In this manner, the base station or the terminal may identify the position of the terminal by matching the beam information to MAP information included in the base station and the terminal. Alternatively, in a case in which two effective values are obtained from the departure coordinate information, the angle, and the arrival coordinates, the position may be obtained by use of an equation. If only using the beam identifier is not sufficient to represent information required to identify the position, the information may be sent in a data symbol.

A Method of Operating a Terminal for Performing Position Determining in Accordance with Present Invention

FIG. 10 is a flowchart showing a method of operating a terminal for performing the terminal position determining method in accordance with the present invention.

Referring to FIG. 10, the method of operating the terminal includes receiving a first beam from a first point (S1010), receiving a second beam from a second point (S1020), and determining the position of the terminal by use of information included in the first beam and the second beam (S1030).

In operation S1010 and operation S1020, the terminal receives beams from two or more transmission points (the first transmission point and the second transmission point), respectively. The transmission points to generate the beams received by the terminal may be at least one of a base station, a femtocell, a relay, and a terminal. In this case, the condition in which a terminal receives a beam from another terminal represents a case in which the number of effective beams receivable by a terminal is 1, or the quality of beams is poor even if the number of effective beams is 2 or more and assistance of a nearby terminal is required. The description thereof has been described above in FIGS. 2 and 3.

Each of the beams may include angle information of the beam with respect to a predetermined direction of a point corresponding to the beam, or coordinates of final arrival of each beam. In this case, the angle information and the coordinates of final arrival of the beam may be provided in a two dimension or a three dimension.

The above-described angle information and final arrival coordinate information of the beam may be sent while being included in the beam as beam identifiers. In addition, each beam may be received while including coordinates of departure of the each beam. In a strict sense, the coordinates of departure of the beam are coordinates of a transmission antenna of a transmission point, and represent the position of the transmission point.

Finally, in operation S1030, the terminal determines the position of the terminal by use of the information included in the first beam and the second beam.

Operation S1030 may be classified into a case 1) in which the terminal transmits the received beam information to the network such that the network determines the position of the terminal, a case 2) in which the terminal receives position information of transmission points from the network such that the terminal determines the position of the terminal, and a case 3) in which the departure coordinates of the beam are sent in the beam identifier such that the terminal determines the position of the terminal without exchanging information with the network.

Referring to FIG. 10, the above three cases in operation S1030 are illustrated as a procedure S1031-1, S1031-2, and S1034, a procedure S1032-1, S1032-2, and S1034, and a procedure S1033-1, S1033-2, and S1034, respectively.

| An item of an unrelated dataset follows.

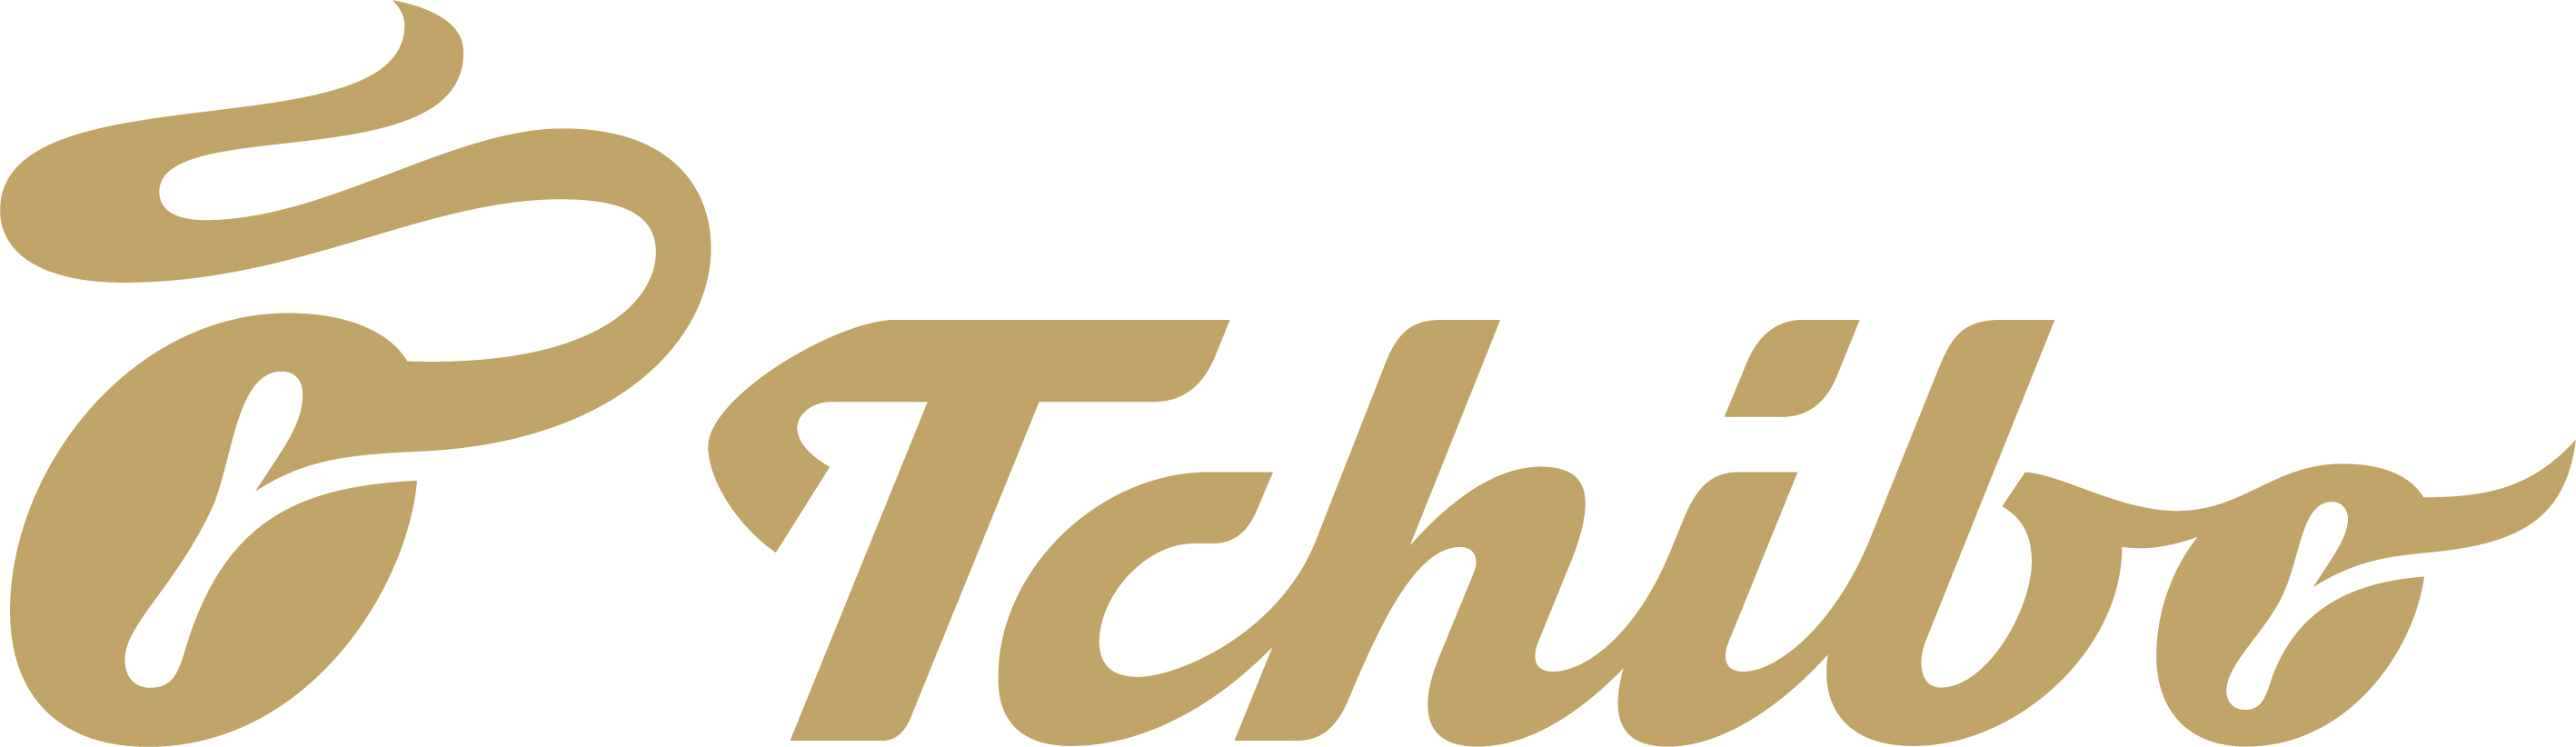 Tchibo Logo hor Gold dark sRGB2
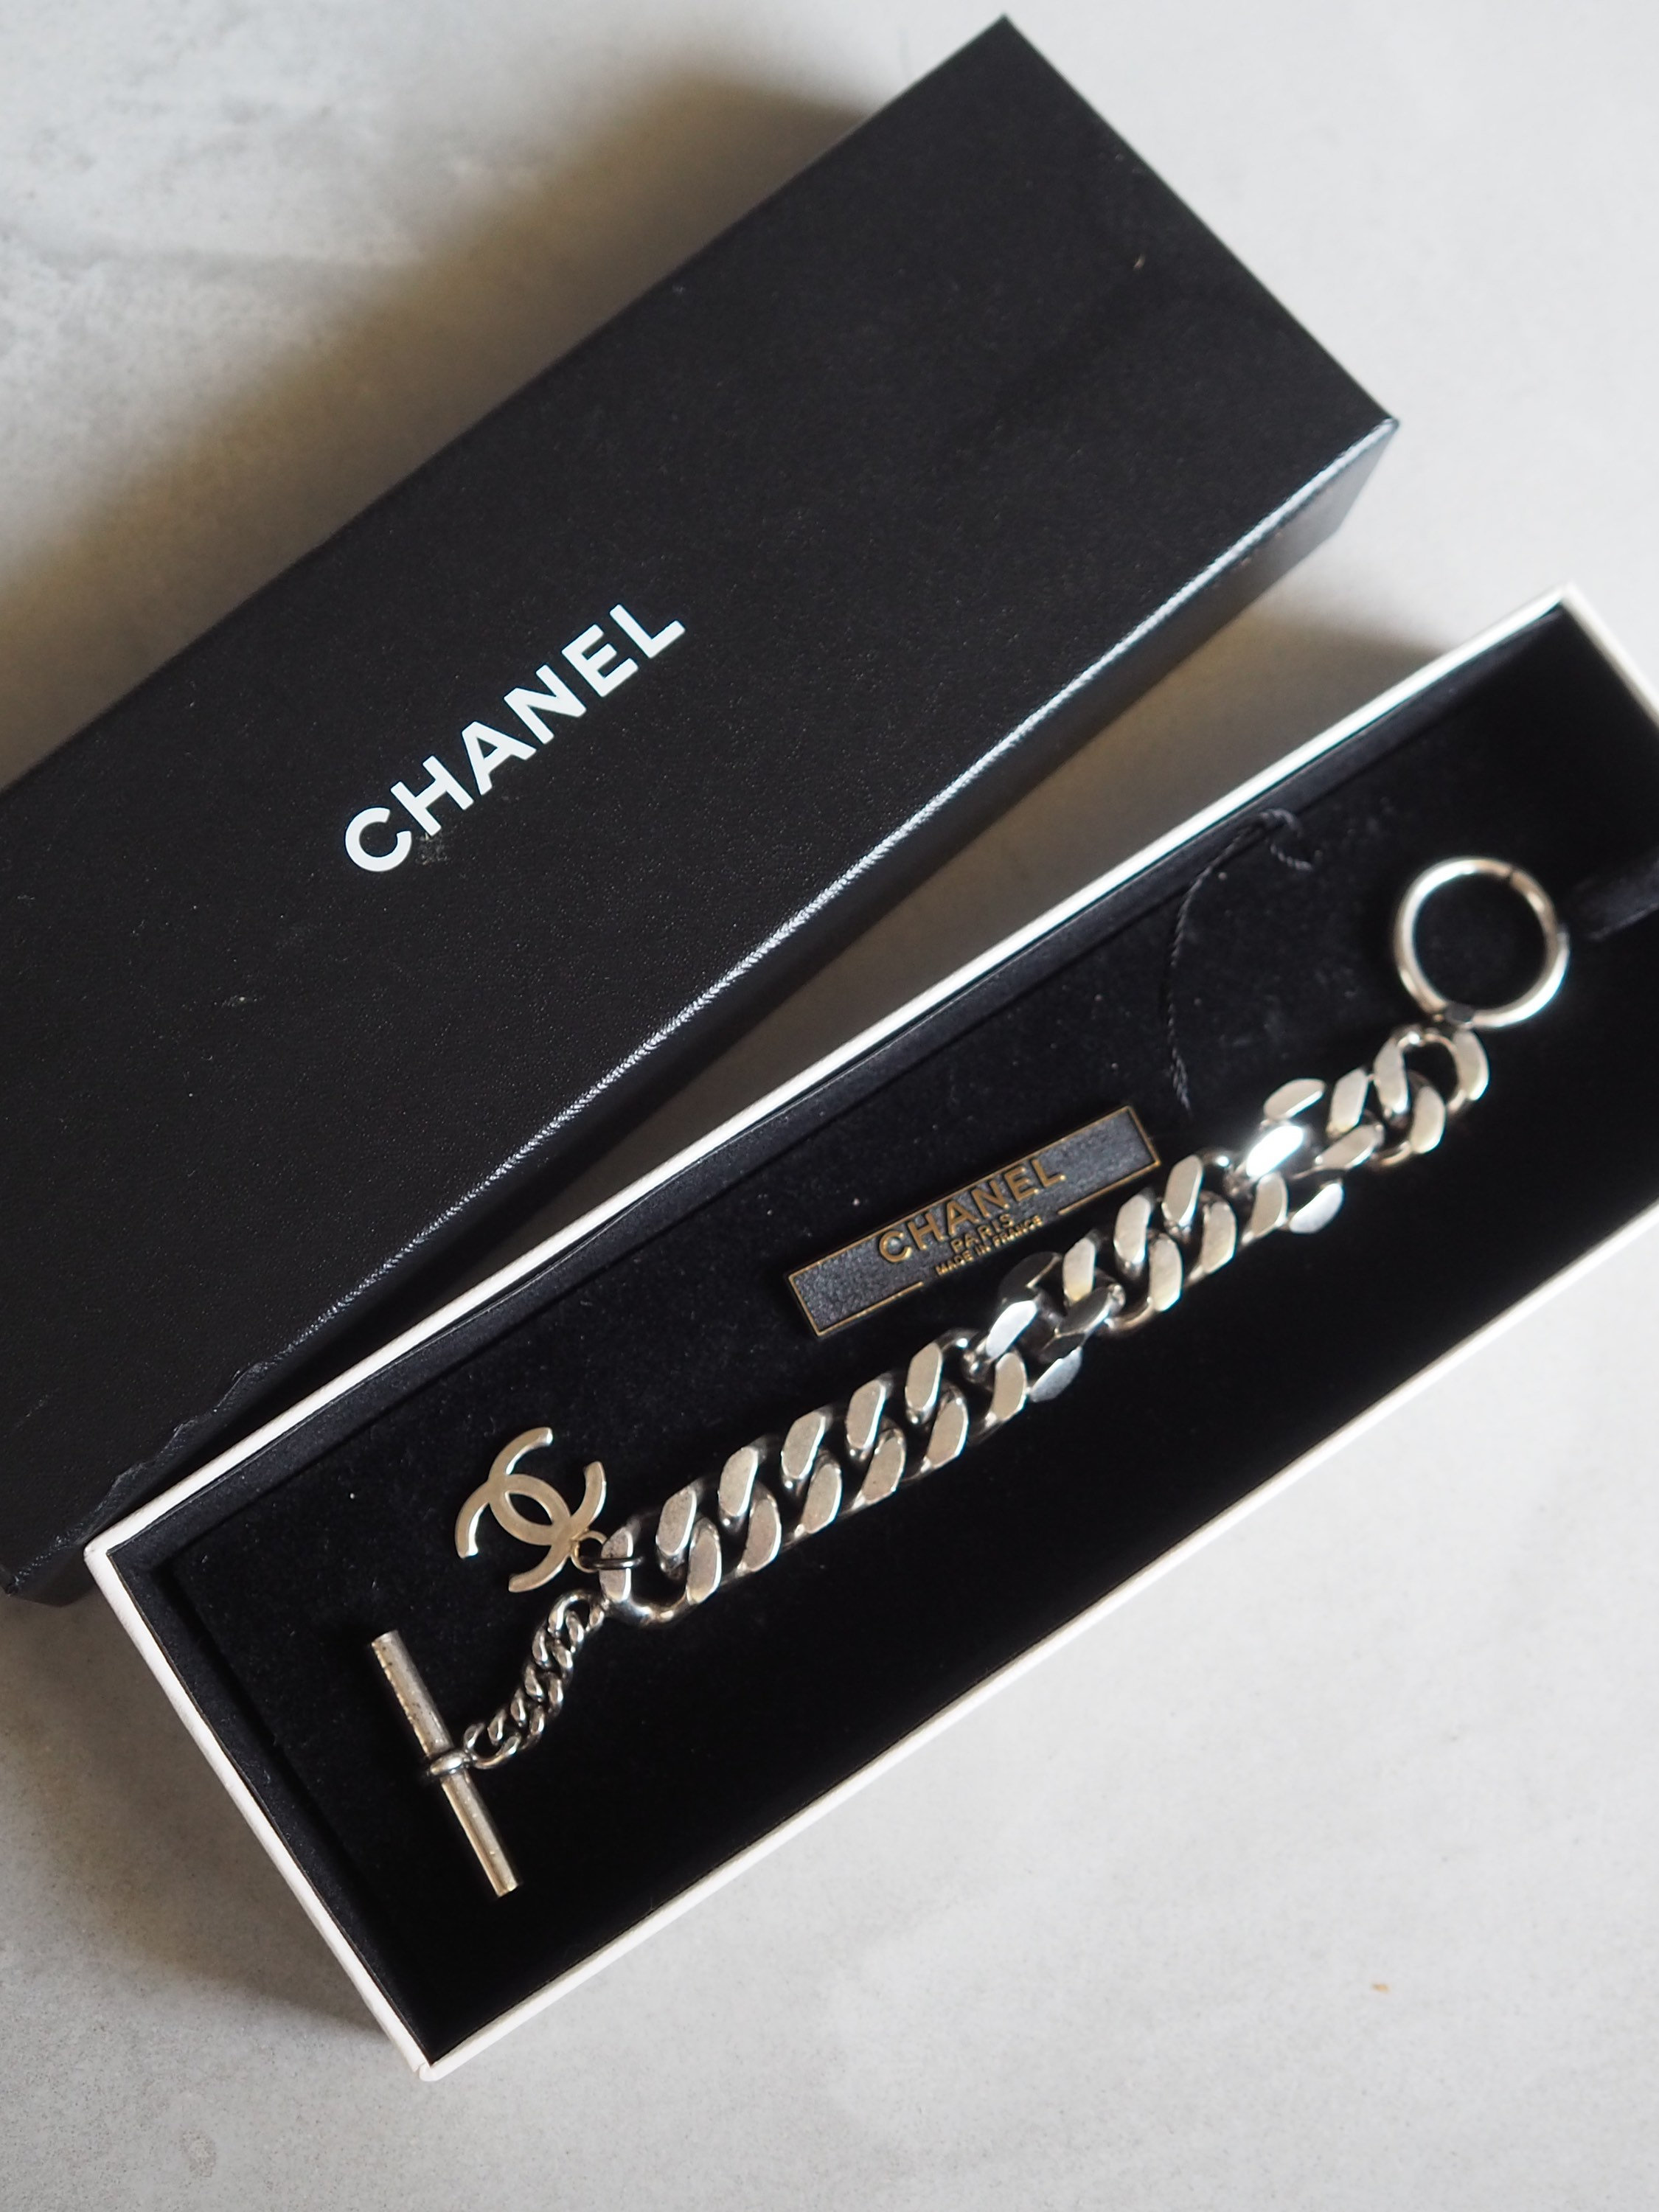 CHANEL Bracelet CC Logo Charm Multi Pearls Gold Tone - Chelsea

In the procedure S1031-1, S1031-2, and S1034 corresponding to the above-described case 1), the terminal transmits information included in the first beam and the second beam to the network (S1031-1), receives coordinates of an intersection between the first beam and the second beam calculated based on position information of the first point and position information of the second point from the network (S1031-2), and determines the position of the terminal based on the coordinates of the intersection (S1034).

In the procedure S1032-1, S1032-2, and S1034 corresponding to the above-described case 2), the terminal receives position information of the first point and position information of the second point from the network (S1032-1), calculates coordinates of an intersection of the first beam and the second beam based on each position information (S1032-2), and determines the position of the terminal based on the coordinates of the intersection (S1034).

In the procedure S1033-1, S1033-2, and S1034 corresponding to the above-described case 3), the terminal obtains departure coordinates of the first beam and departure coordinates of the second beam using received beam information (S1033-1), calculates coordinates of an intersection between the first beam and the second beam based on the departure coordinates of the first beam, the departure coordinates of the second beam, and the beam information (S1033-2), and determines the position of the terminal based on the coordinates of the intersection (S1034). In this case, each of the beams received by the terminal needs to include information about departure coordinates of the each beam.

A Method of Operating a Network for Performing Position Determining in Accordance with the Present Invention

The method of operating the network may be classified into a method 1) of operating a transmission point configured to generate a beam, and a method 2) of operating an entity for receiving beam information, which is received by a terminal, from the terminal and determining the position of the terminal based on stored position information of points.

In general, the entity to determine the position of the terminal may also serve as a transmission point. A macro base station generally serves as a transmission point and an entity that determines the position of a terminal. However, depending on other examples, various entities rather than a macro base station may be configured to determine the position of the terminal. For example, the entity to determine the position of a terminal may be a separate position determining server, rather than a transmission point, existing in a core network. The entity to determine the position of a terminal needs to collectively store position information of various transmission points existing in the network as MAP information described above. Accordingly, in order to collectively manage position information about transmission points in a consistent manner, the presence of a separate entity for position determination is preferable rather than having a certain transmission point performing the position determination of a terminal.

The following description will be made while referring an entity to perform the position determination of a terminal in a network as a position determining server. Since the position determining server may serve as a base station (or a transmission point), but may operate independent of a transmission point, the operation of the position determining server will be described separately from the operation of the transmission point.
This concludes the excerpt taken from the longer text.